- Available data:
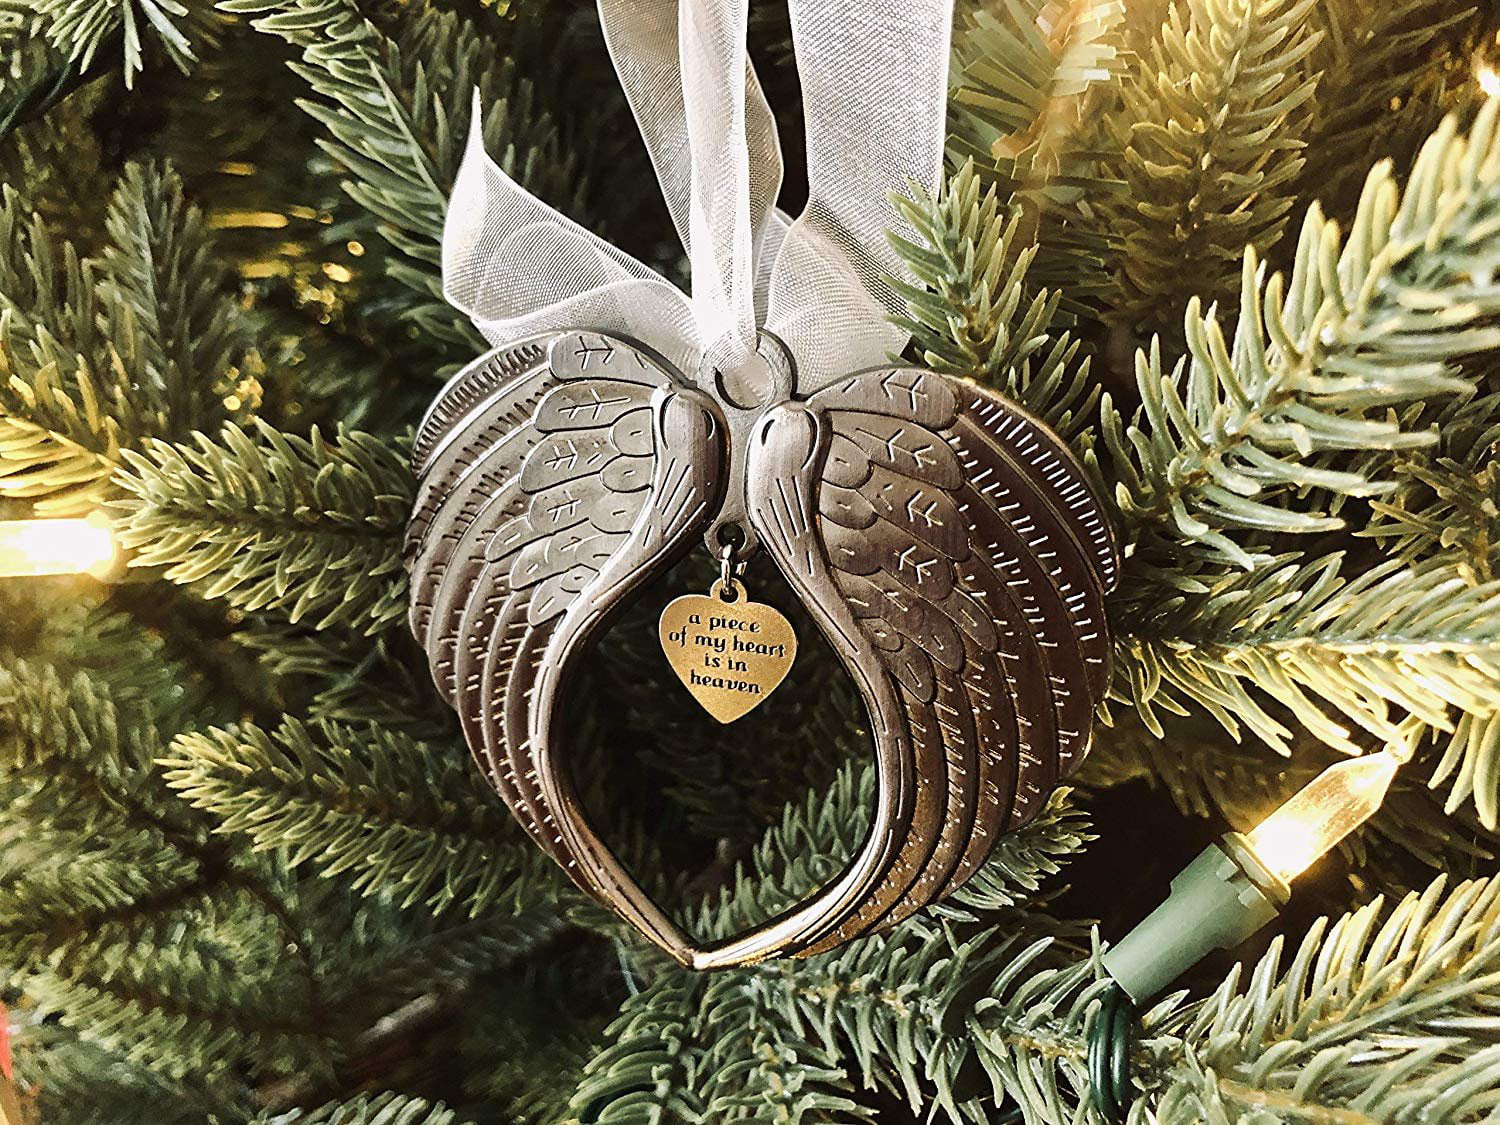 Memorial Ornaments for Loss of Loved One Personalize,A Piece of My Heart is in Heaven Memorial Ornament,Christmas Tree Hanging Decorations Xmas Gifts 001-Son Christmas Ornaments Clear Heart Ball
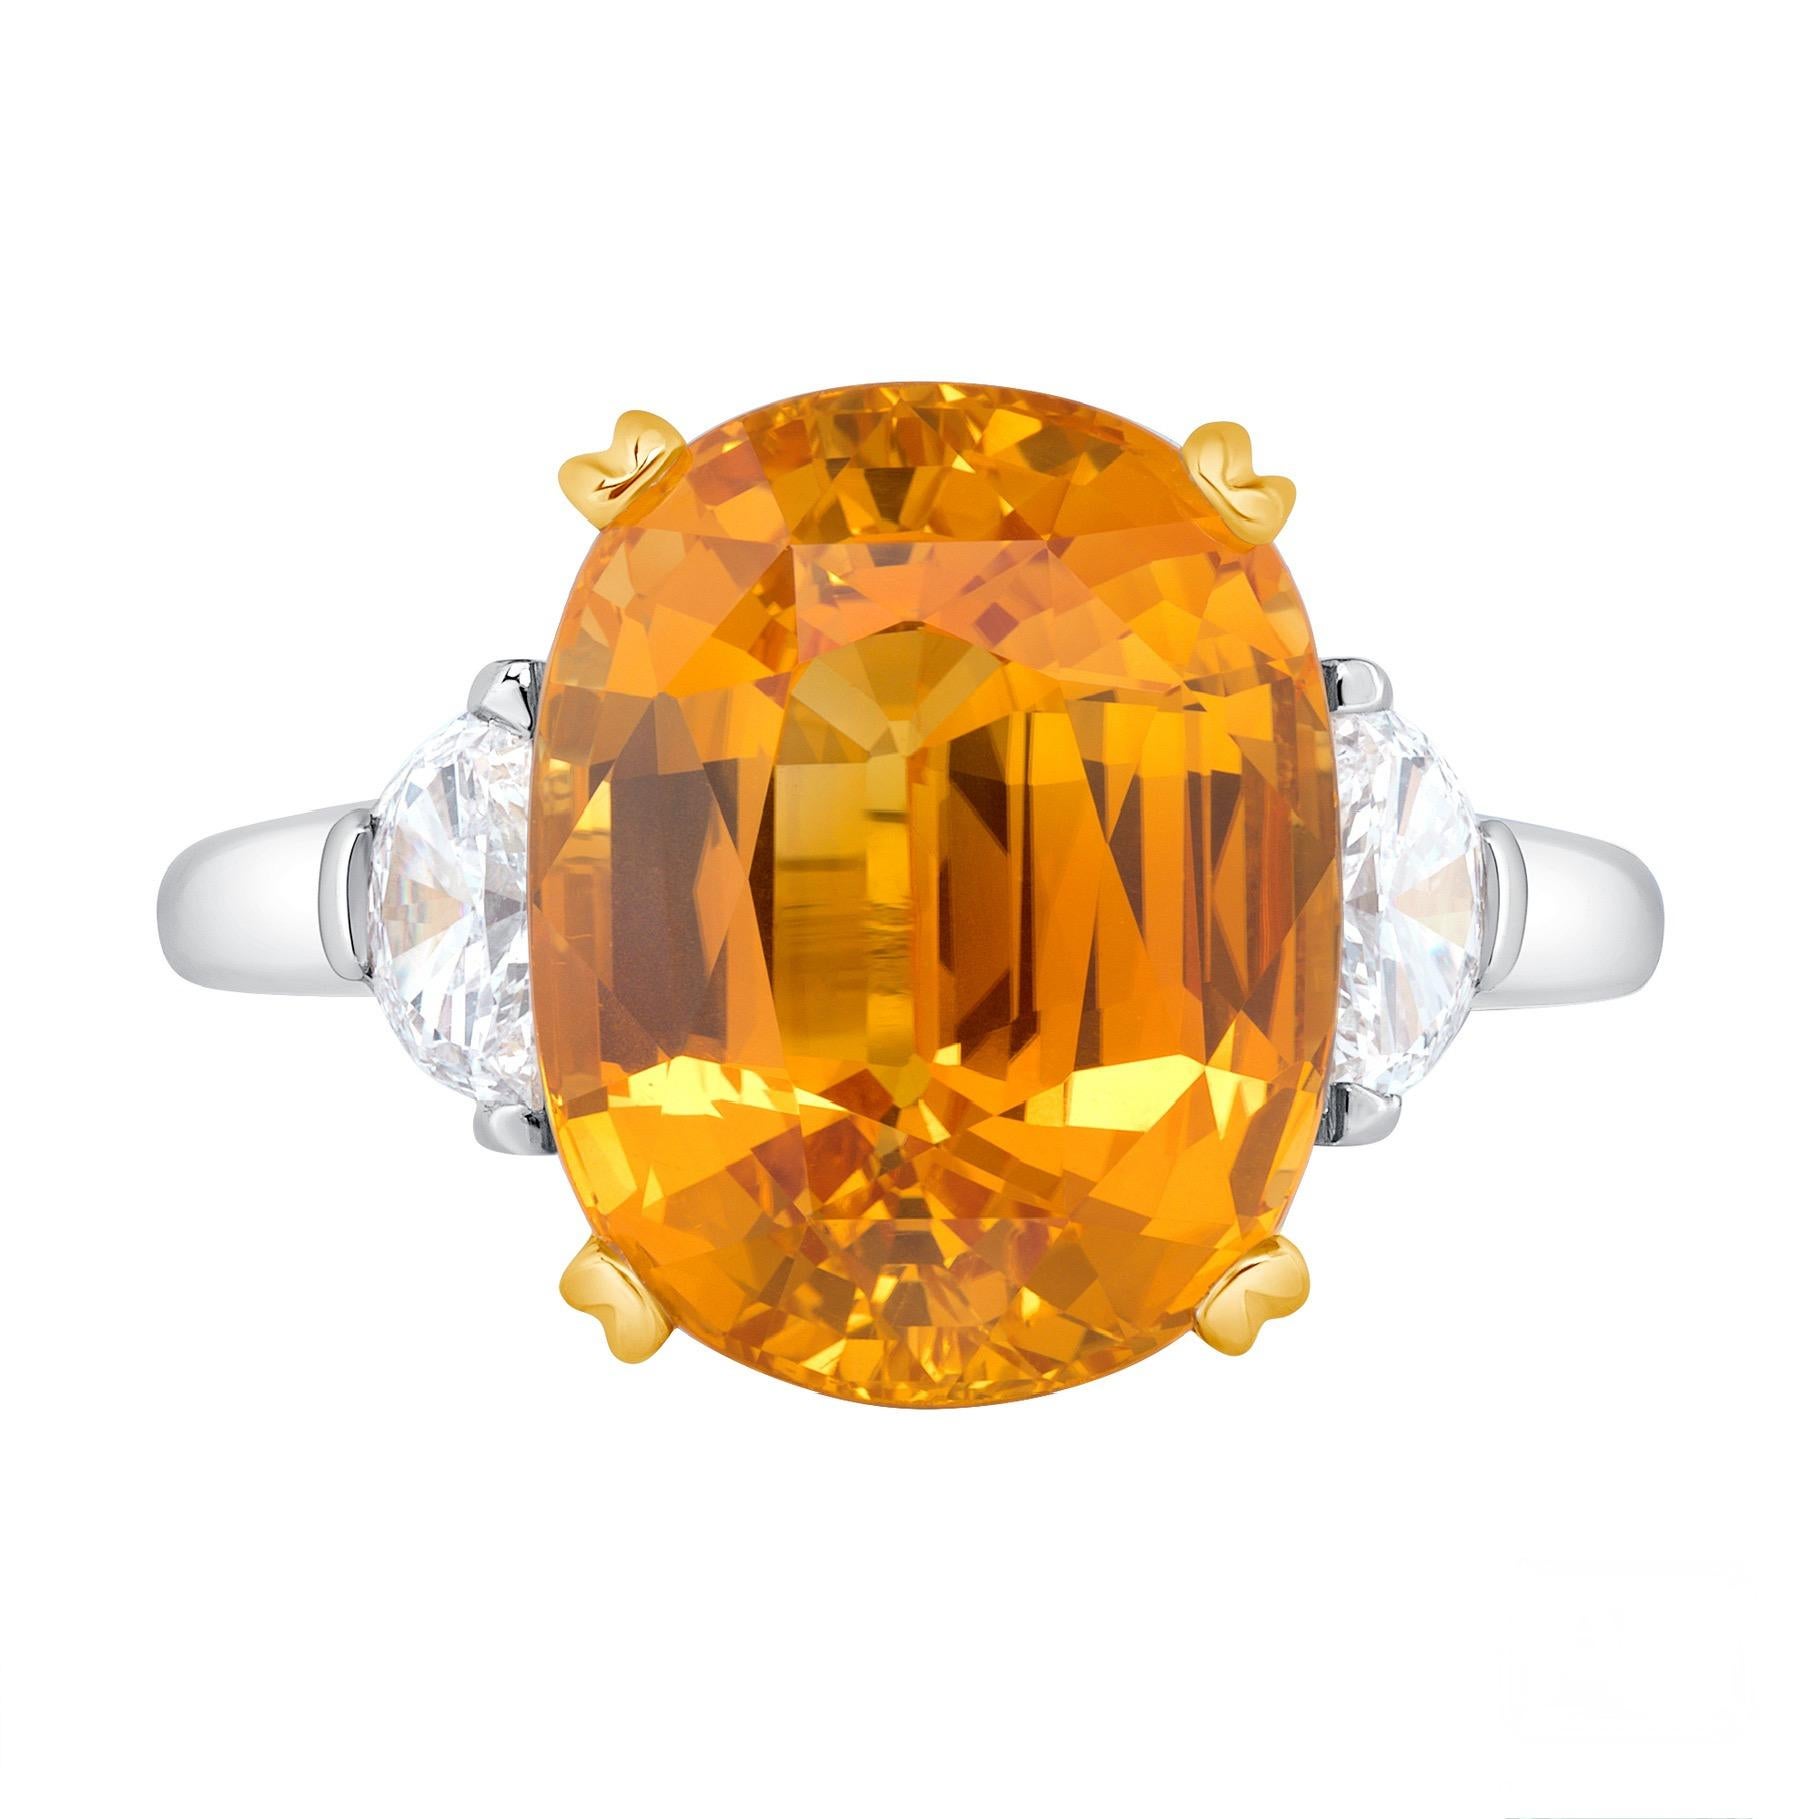 An enriching 10.78-carat honey-yellow sapphire from Sri-Lanka makes a dazzling display in this beauteous ring. The awe-inspiring sapphire is flanked by two half-moon cut diamonds totaling 0.52ct. Fabricated in platinum with 18K yellow gold. The
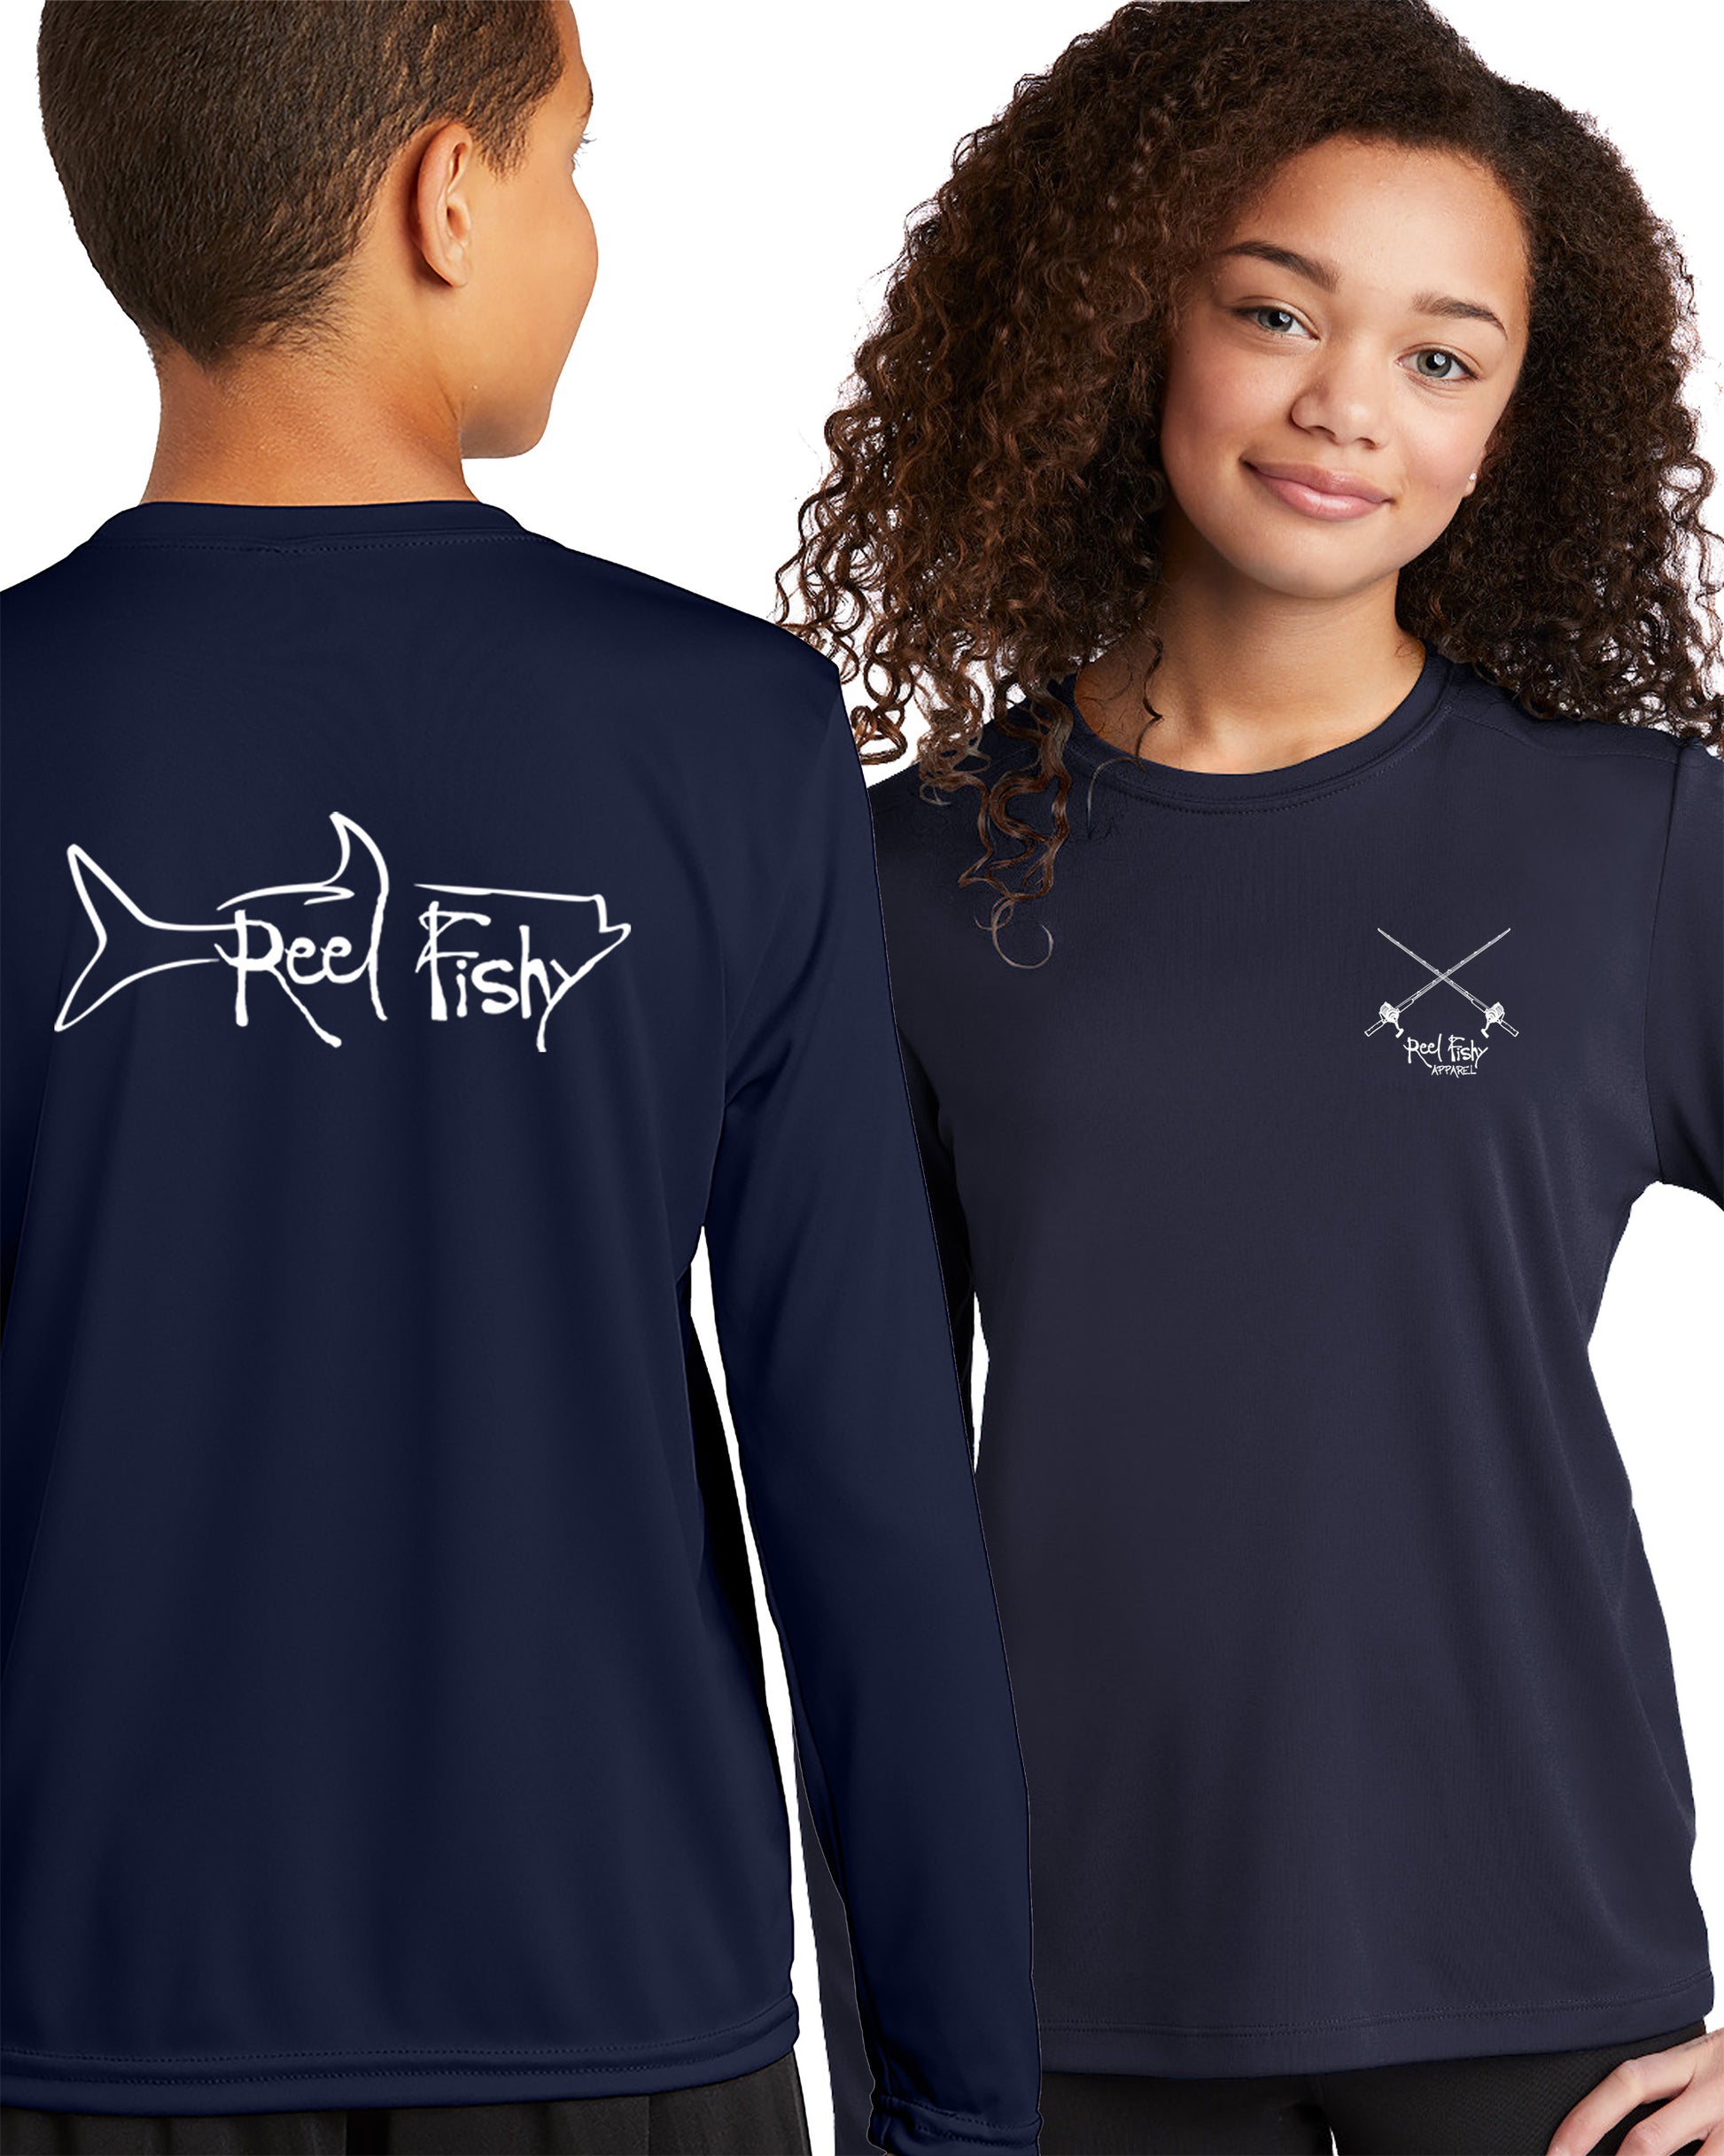 Youth Performance Dry-Fit Tarpon Fishing Shirts 50+Upf Sun Protection - Reel Fishy Apparel L / Pink S/S

- The problem: Leave the images out and transcribe the rest of the material exactly.

- Result of the task:
 Memorial Ornaments for Loss of Loved One Personalize,A Piece of My Heart is in Heaven Memorial Ornament,Christmas Tree Hanging Decorations Xmas Gifts 001-Son Christmas Ornaments Clear Heart Ball
 An enriching 10.78-carat honey-yellow sapphire from Sri-Lanka makes a dazzling display in this beauteous ring. The awe-inspiring sapphire is flanked by two half-moon cut diamonds totaling 0.52ct. Fabricated in platinum with 18K yellow gold. The
 Youth Performance Dry-Fit Tarpon Fishing Shirts 50+Upf Sun Protection - Reel Fishy Apparel L / Pink S/S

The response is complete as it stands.